During a breakup, it often feels like all these little nuanced sensations have totally hijacked everything from your self-confidence, to your overall view of the world. So, I’ll say it, we might need more than a Huffington Post article. Moreover, sometimes we need more than a Pilot article. What if I told you maybe the real comfort isn’t in that list of “11 Ways to Survive a Breakup”, but instead found within the fact that millions of people are banking on that random ass list. I’ll expand.
Maybe, just maybe, the point isn’t to dissect these things and research them like they’re some sort of current event. Maybe, it’s just to try and relate to each other, and even surrender to the confusion that love can bring about. After all, albeit more positive, you’ve just experienced some of the deepest feelings that love has to offer. You know the hold it can have first-hand, so instead of desperately clinging onto some magical advice to get over it, maybe you let it run its course— and in the mean time, we can act as spectators together.

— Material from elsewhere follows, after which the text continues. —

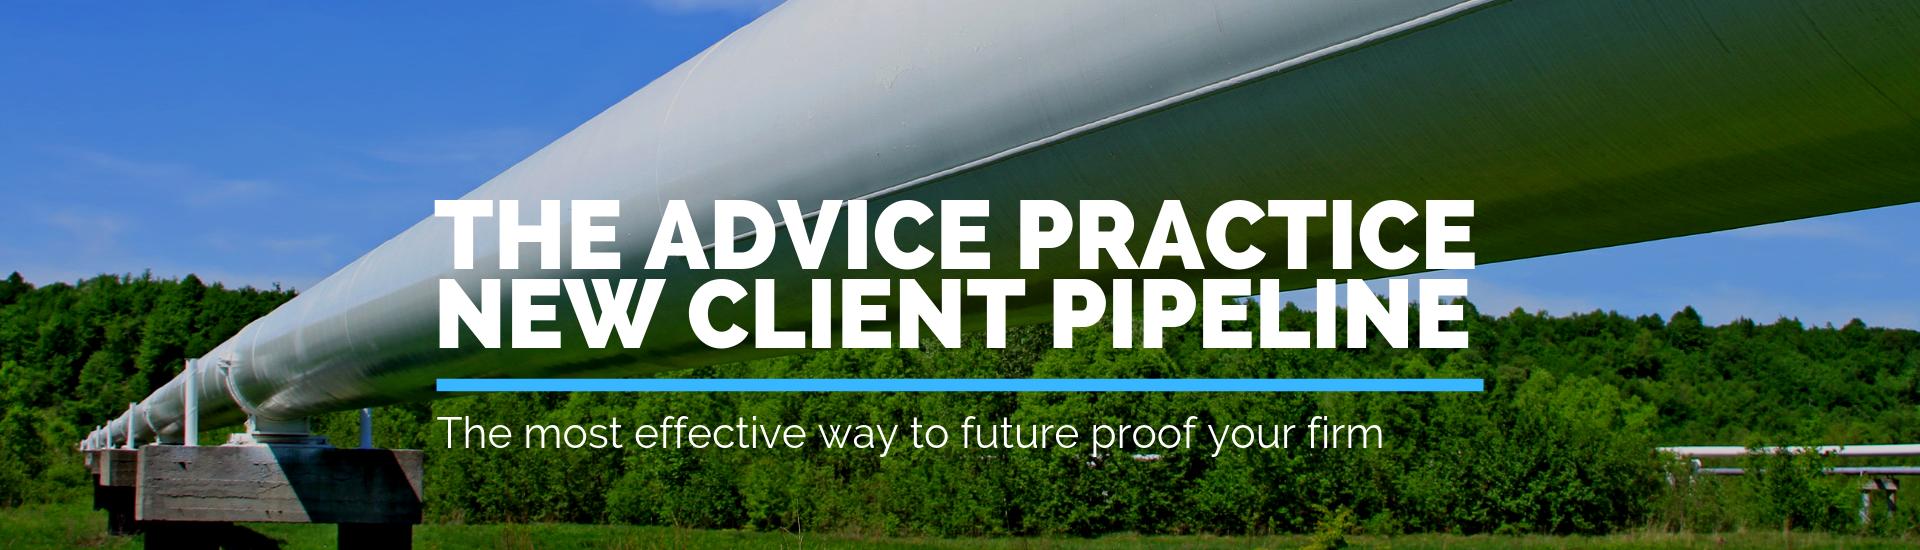 The Advice Practice New Client Pipeline   Andrew Abel   Advisio

Don’t get me wrong, first and foremost, there are no wrong ways to process a breakup, (excluding substance abuse etc.) which is why this page includes every last reaction our readers share with us. That being said, don’t treat this as another breakup advice article. Some of what you’ll see may make no sense, or even be narratives that are plain unhelpful.
For that reason I’ll give somewhat of a Trigger Warning: if you’re used to only benefiting from totally logical, grounded breakup advice this isn’t it. But on this page, take comfort in the fact that other people don’t know what they’re doing either. Because frankly neither did Melissa from Elite Daily who told you to for the eightieth time to ‘Make yourself your #1 priority.” We gettt itttt.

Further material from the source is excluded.